Buscando respuestas, entrevisté a John J. Ratey, profesor clínico asociado de psiquiatría de la Facultad de Medicina de Harvard, cuyos numerosos libros incluyen Una guía del usuario para el cerebro y la chispa: La nueva ciencia revolucionaria del ejercicio y el cerebro .

"Todo lo que ingresa a su cerebro en los años formativos es potente, porque no está sobrecargado con todos los sonidos y pensamientos que compiten y que llenan su cerebro a los 35 años", me dijo Ratey.

"Cuando eres muy joven, no estás filtrando nada. No lo estás seleccionando. No dices, 'Eso es malo' o incluso tratas de entenderlo ".

Durante nuestros primeros veinte años más o menos, "todavía estamos construyendo un repertorio de nuestro yo interno". Durante ese período de la vida, las experiencias tienden a suceder en el hemisferio derecho del cerebro, el "centro de sentimientos" donde la música, el sonido, el ritmo y el flujo son los que prevalecen.

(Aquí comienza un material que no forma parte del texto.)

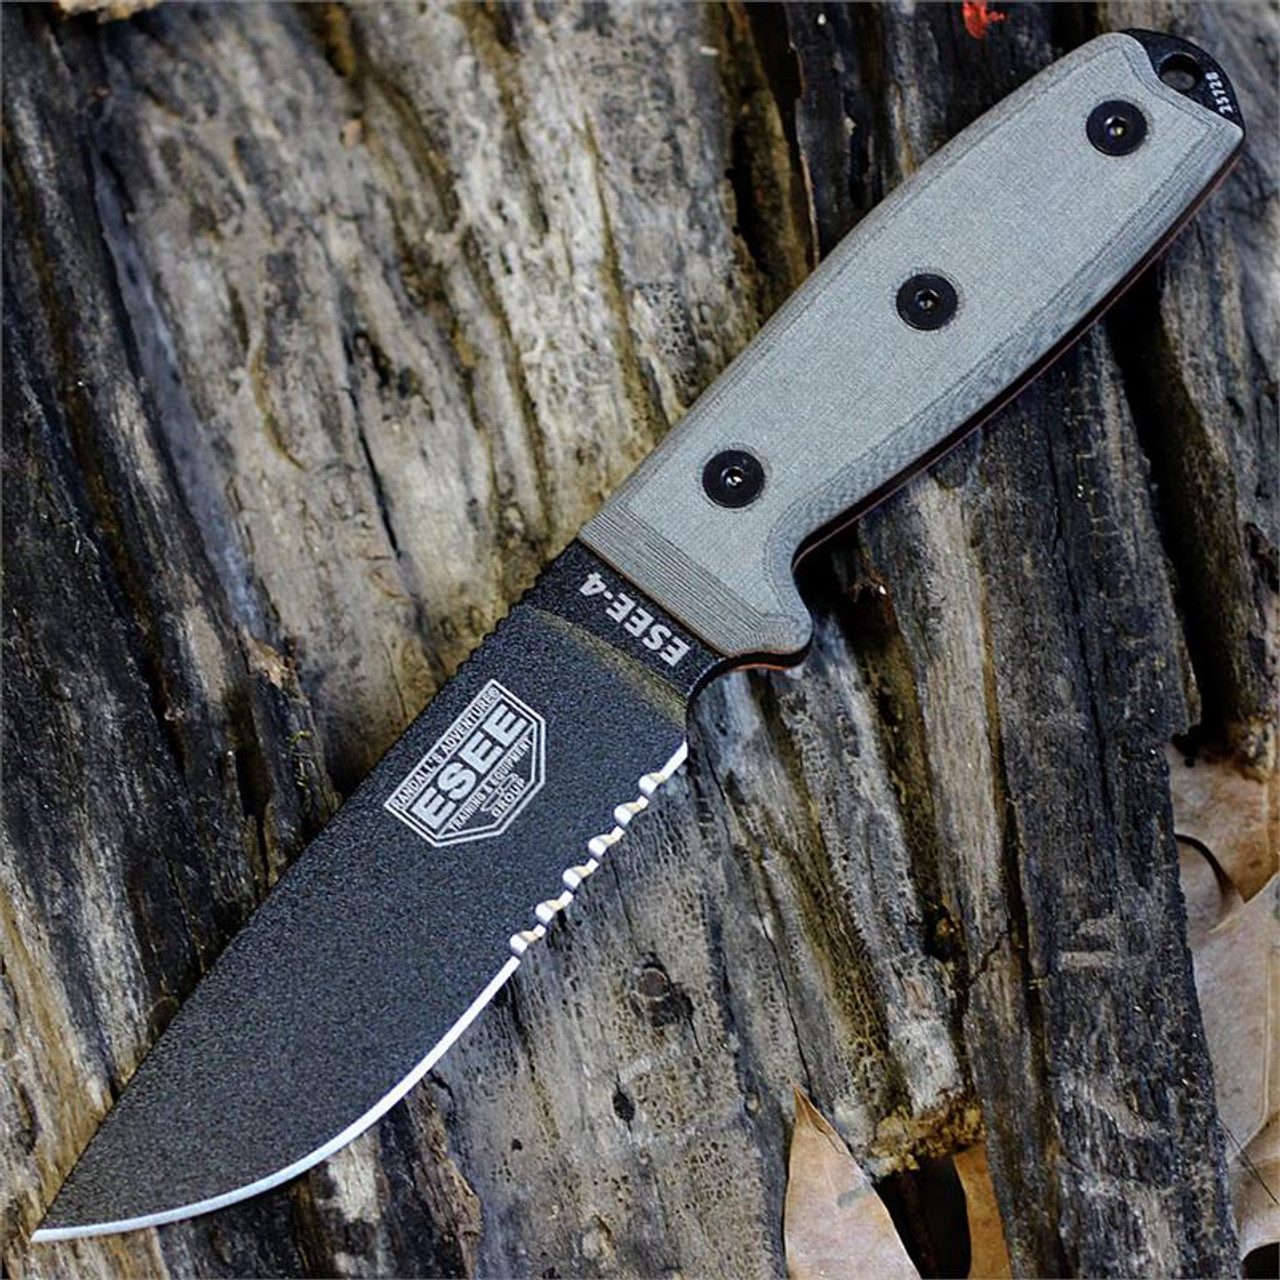 ESEE-4 Fixed Blade Knife (ESEE-4S-MB)- 4.50" Black Partially Serrated 1095 Drop Point Blade, Gray Micarta Handle

"Incluso si no amas una canción que escuchas a esa edad, tal vez le prestes más atención porque tus amigos la escuchan o porque la escuchas mientras suceden cosas emocionantes". Si te gusta la canción o no, es novedosa, por lo que tiene un matiz emocional. La amígdala carga la canción y le da más potencia, por lo que tiene más tendencia a codificarse, lo que significa que las células han crecido hasta acumularse en decenas de millones ".

Lo que llegue al hemisferio derecho sin filtrar "se queda ahí y se puede acceder más tiempo", a menudo, por el resto de nuestras vidas.

"Pero a medida que pasamos de nuestra adolescencia a nuestros veinte años, llegamos a depender cada vez más en el hemisferio izquierdo y la corteza frontal del cerebro" – sus centros analíticos, de habla y planificación.

Al llegar a la universidad, "hemos comenzado a pensar demasiado". El cerebro se vuelve tan abarrotado de juicios, asociaciones y material de la competencia que poco alcanza el hemisferio derecho sin filtrar.

Sin embargo, una nota familiar o una letra de alguna canción antigua estimula ese viejo código en acción.

"De repente, esa canción se junta perfectamente, porque la pones allí y la almacenas sin siquiera reconocerla", dijo Ratey, cuyo último proyecto consiste en instituir programas de ejercicio en las escuelas públicas para aumentar la capacidad intelectual de los estudiantes.

En su práctica, Ratey ha visto a muchos pacientes con accidente cerebrovascular cuyos hemisferios izquierdos se han dañado tanto que ya no pueden hablar. Sin embargo, pueden cantar.

"Primero, podrán cantar 'Mary Had a Little Lamb' o 'Old McDonald' o una de las primeras canciones con rima que hayan escuchado, mientras que no pueden pronunciar ni una sola palabra hablada".

Espero sinceramente que nunca sufra un derrame cerebral, como lo hizo mi padre. Pero si lo hago, ¿voy a sorprender a mis médicos con el cinturón de "Caballo sin nombre"?